=== Begin Enclosure ===
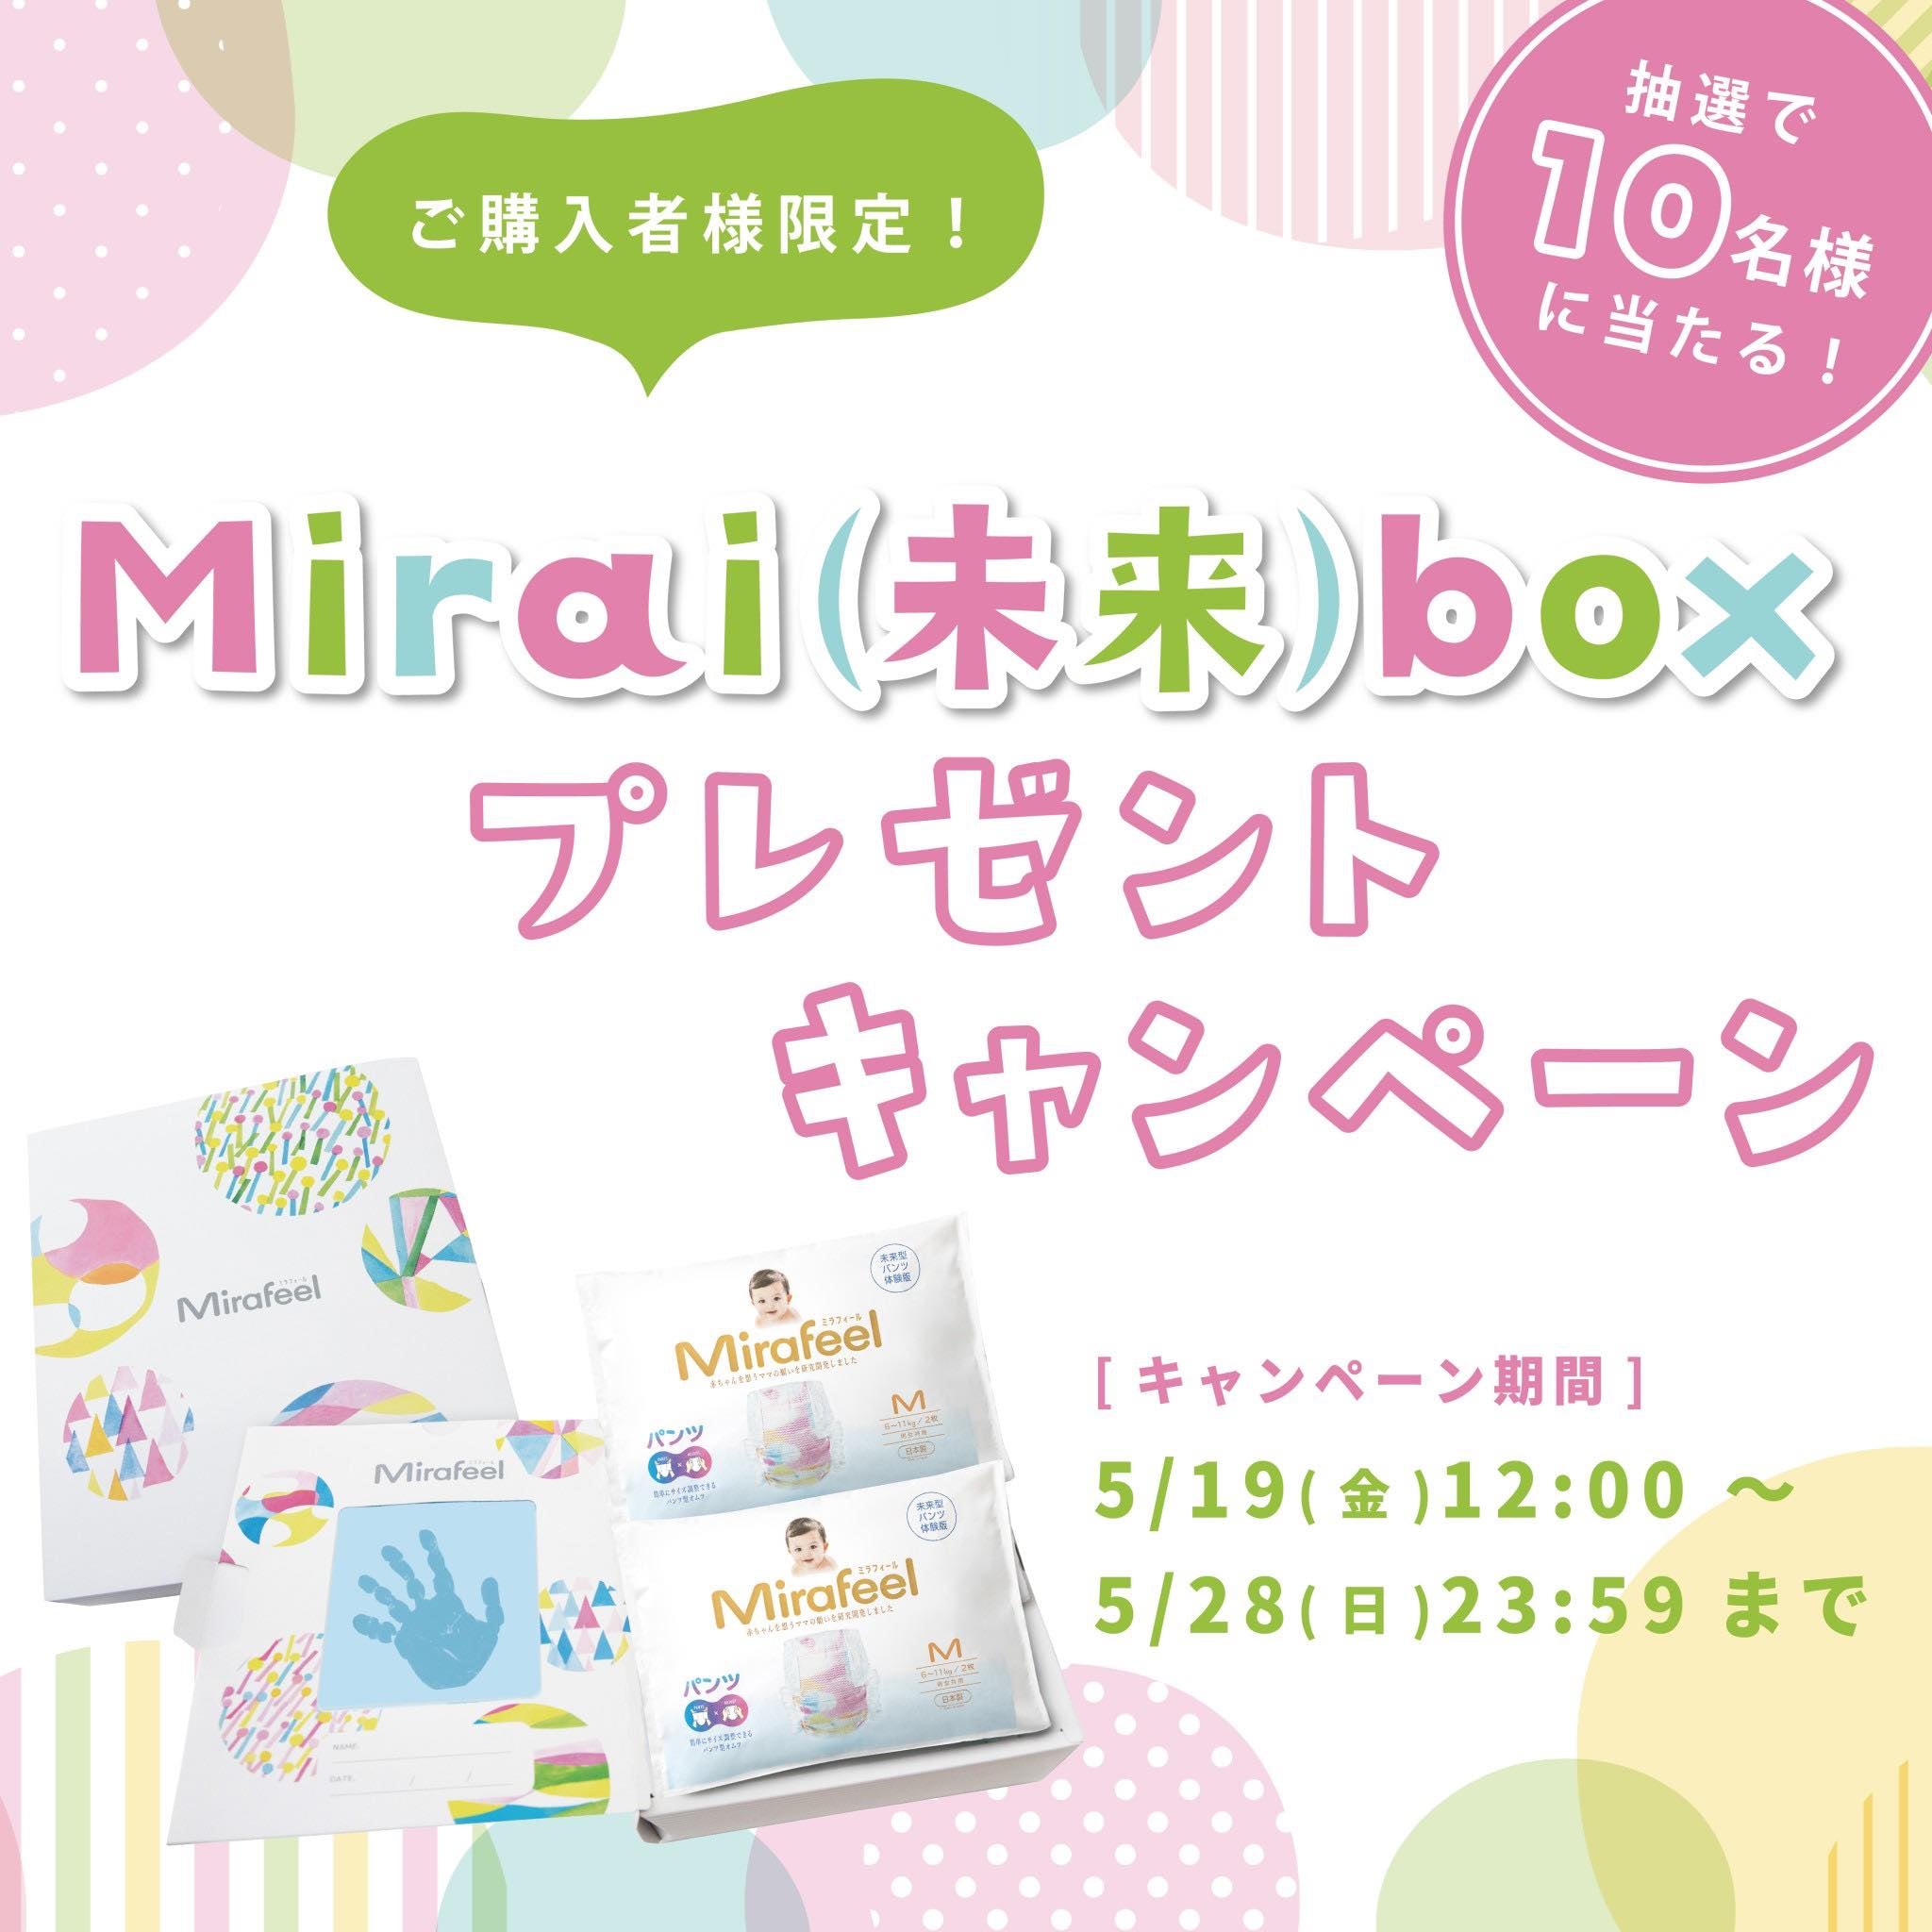 【期間限定】Mirai(未来)boxプレゼントキャンペーン開催✨ - Mirafeel
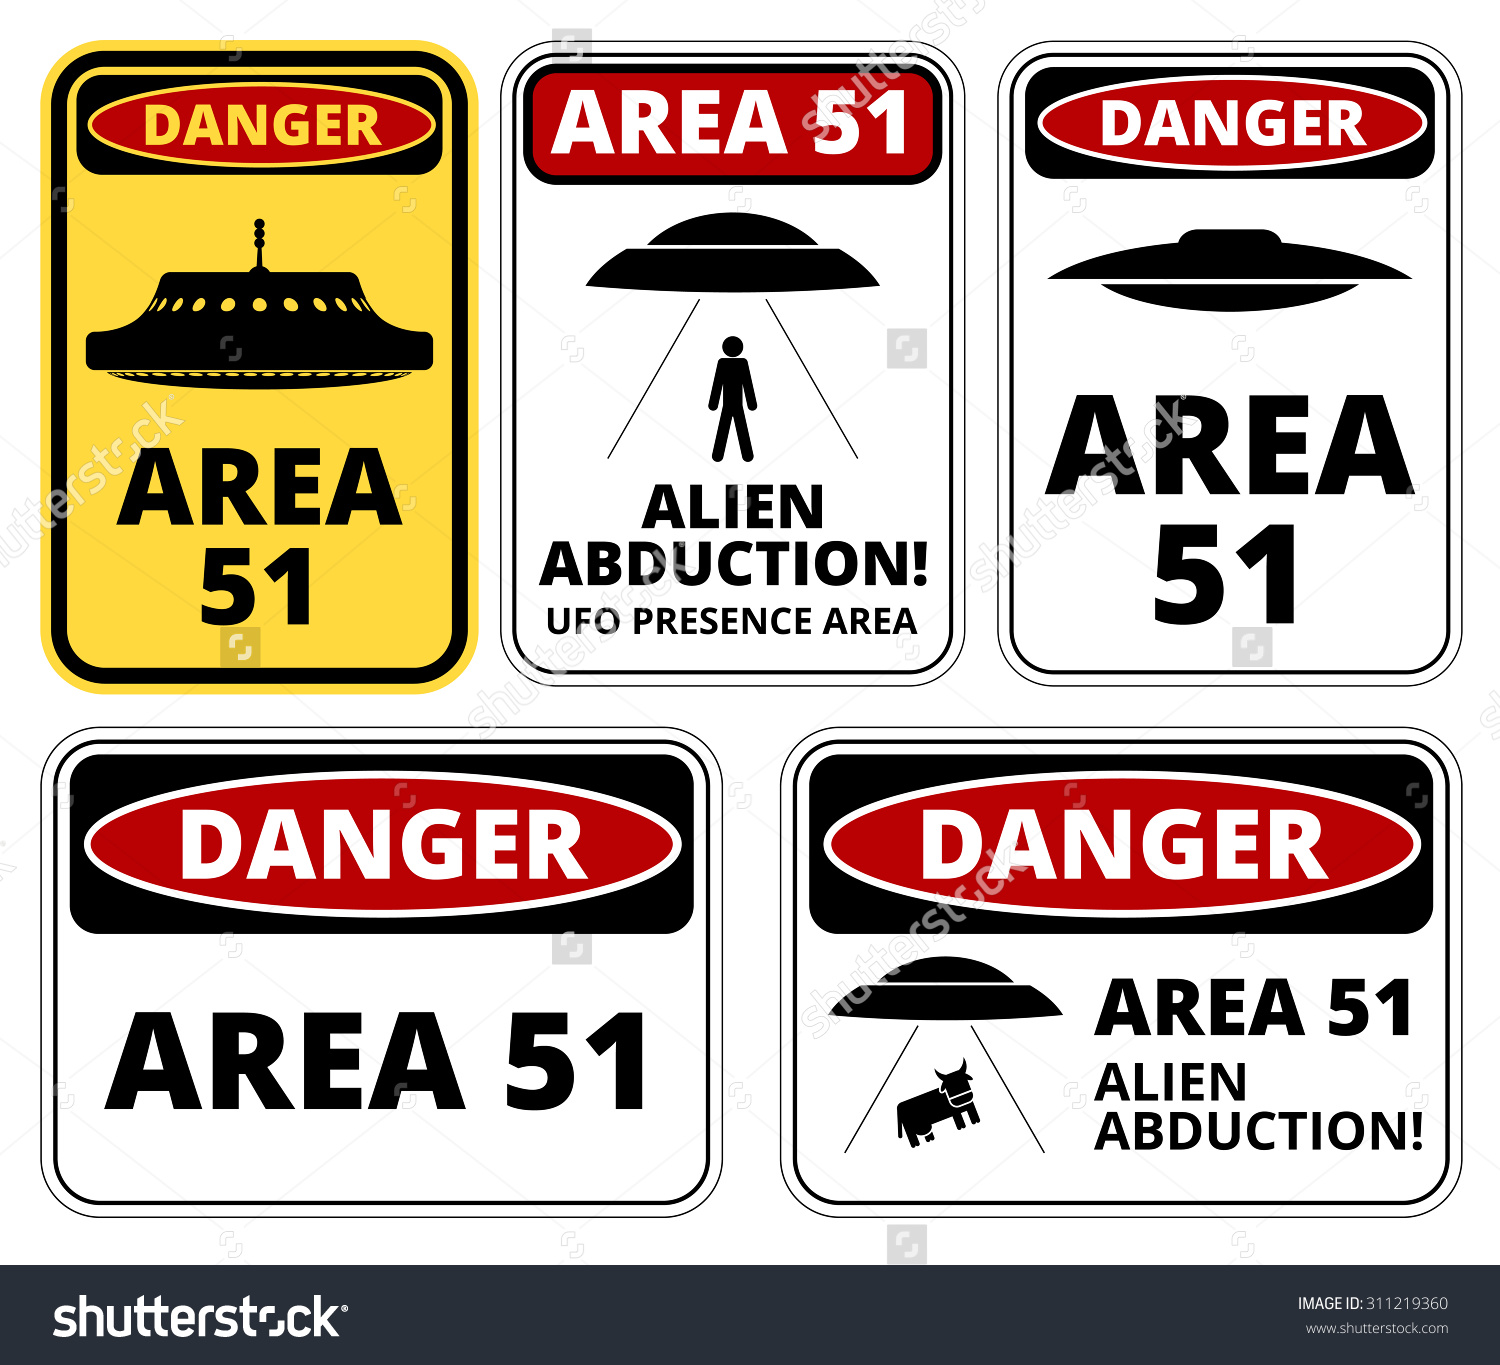 Area 51 #21
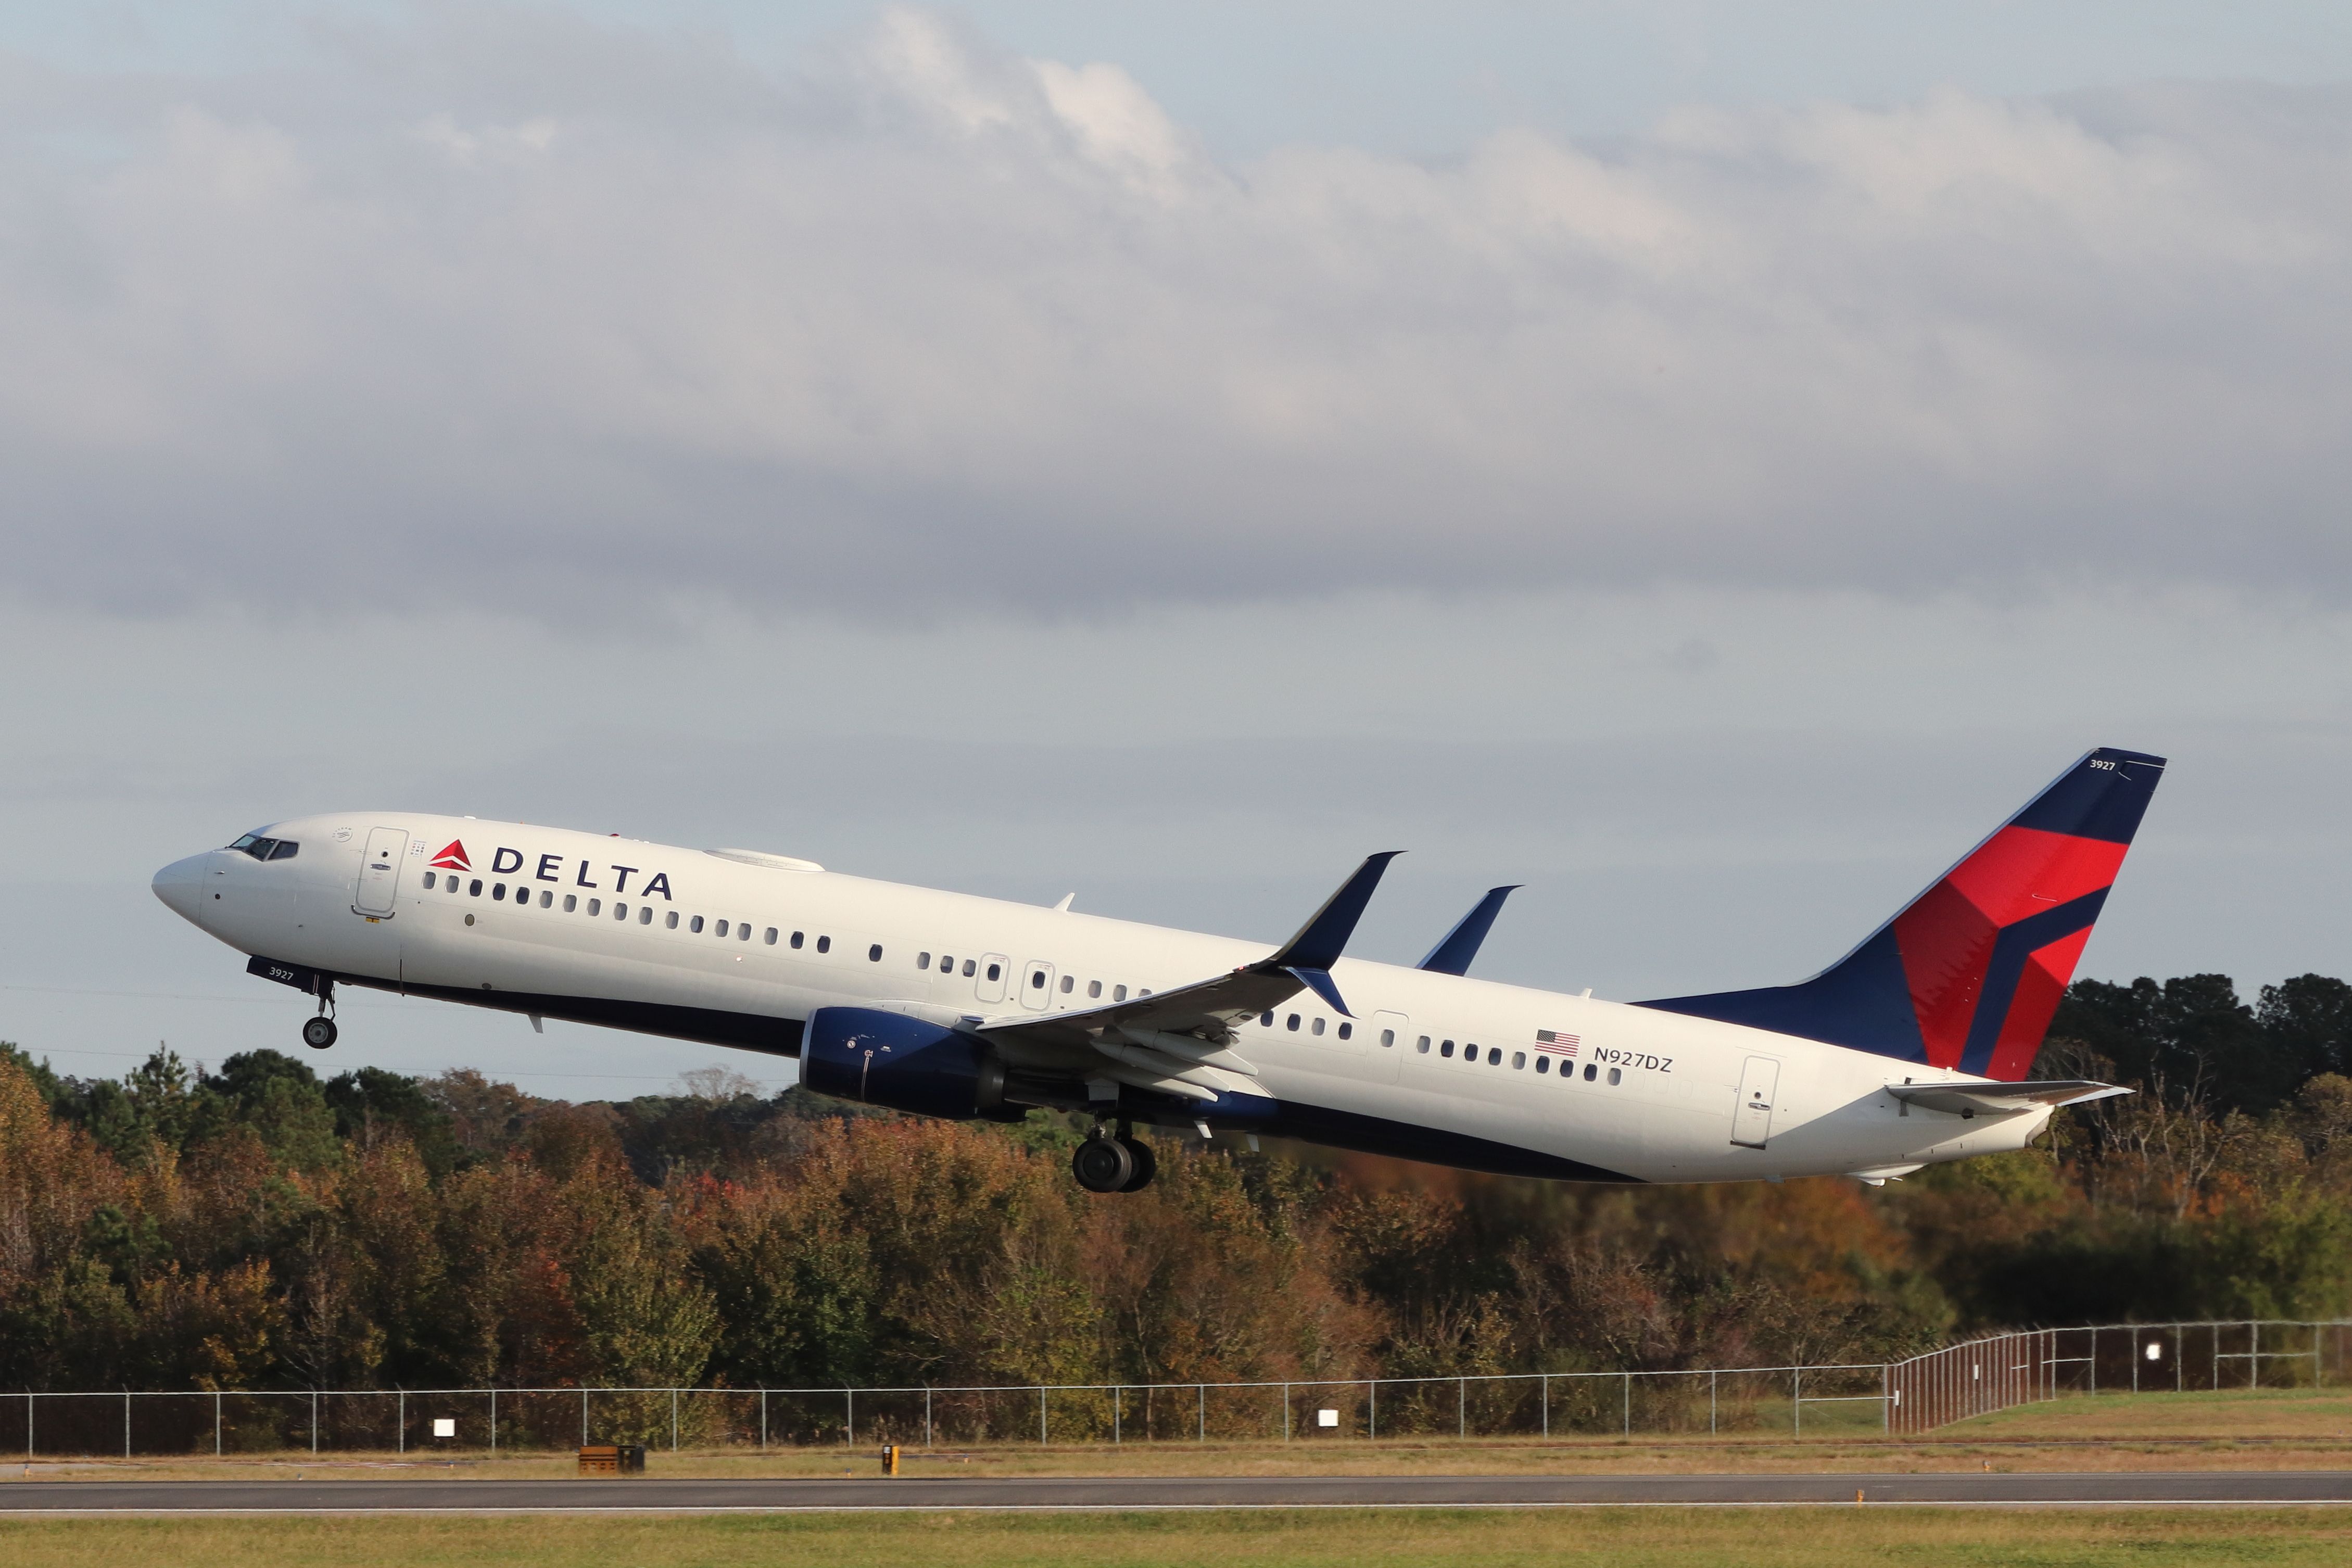 Delta Air Lines Boeing 737-900ER (N927DZ) departing.
=== End Enclosure ===
Exercise goal
This task calls for an exact copy of the data above, without pictures.

Solution for this task
 【期間限定】Mirai(未来)boxプレゼントキャンペーン開催✨ - Mirafeel
 Area 51 #21
 Delta Air Lines Boeing 737-900ER (N927DZ) departing.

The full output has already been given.